The memory knows the subject is "singular cat", but if we need to predict a verb, the output gate filters out only the "singular" information to conjugate correctly.

Output gate: sigmoid filter × tanh(cell state) = new hidden state

Final Fully Connected Layer

LSTM output (256-d) is an abstract concept. We need to translate it into an actual vocabulary word.

Linear layer: weight matrix projects hidden state onto a vocabulary-sized vector.

  • Training: Cross Entropy Loss comparing logits against the real next word (teacher forcing: feed the real word at time as input for step $t+1$)
  • Inference: pass logits through softmax, pick highest-probability word, feed it back as next input

FC layer: h_t (256-d) → linear 256×5507 → softmax → word probability distribution


Training

Dataset: Flickr8k: 8,000 images, 5 captions each = 40,000 pairs.
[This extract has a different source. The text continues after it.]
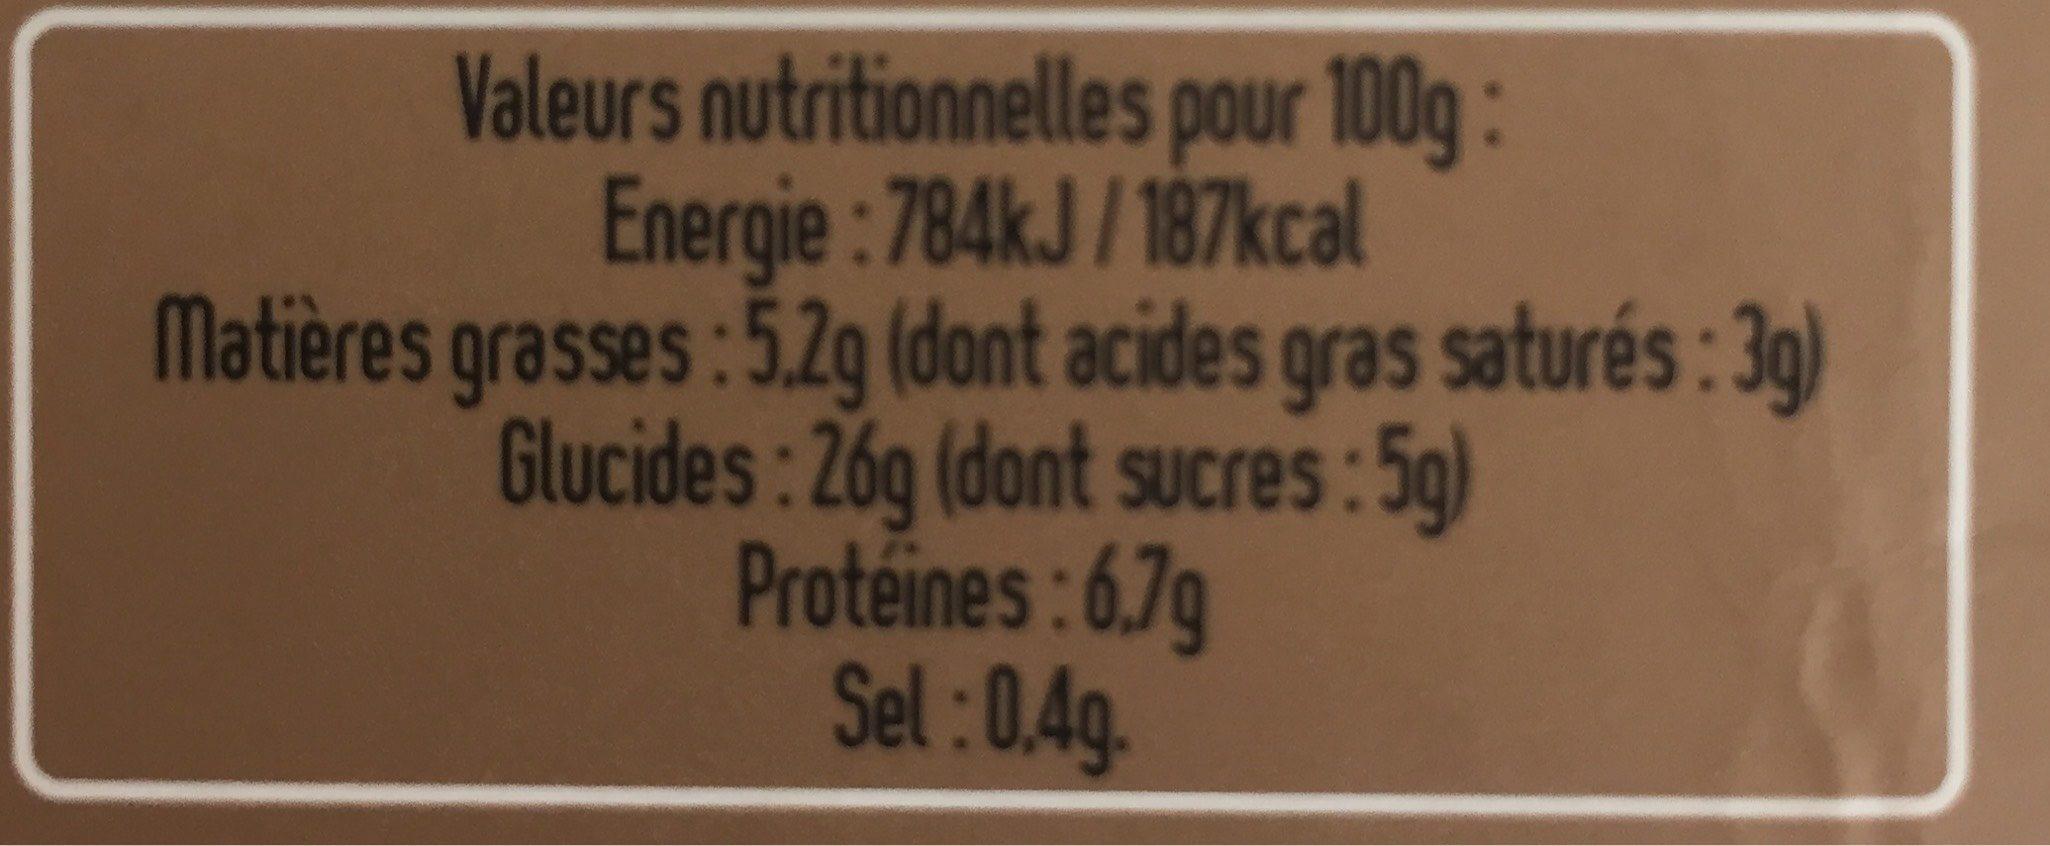 Wrap poulet mangue coriandre - Informations nutritionnelles - fr

Strategy: Teacher forcing. Feed the real caption word at time as input for step . Forces the model to learn correct predictions rather than compounding its own errors during training.

Data augmentation per epoch to force learning of robust visual concepts:

  • Random crop and resize
  • Horizontal flip
  • Color jitter (brightness/contrast)
  • Slight rotations

Results

Training loss decreased steadily. Validation loss stabilized around epoch ~150, then slightly increased. Mild overfitting.

Training vs validation loss over 200 epochs — validation plateaus around epoch 150

Output example 1

Output example 2

Output example 3

Subjects, actions, and settings are correctly identified. Syntactically a bit rough. Semantically reasonable though. Not bad for zero pretrained language model.


The Architectural Bottleneck

Here's the flaw: all visual information must pass through a single 256-d vector. By word 5, the model is generating "bicycle" but the image encoding is diluted across everything the ResNet ever saw.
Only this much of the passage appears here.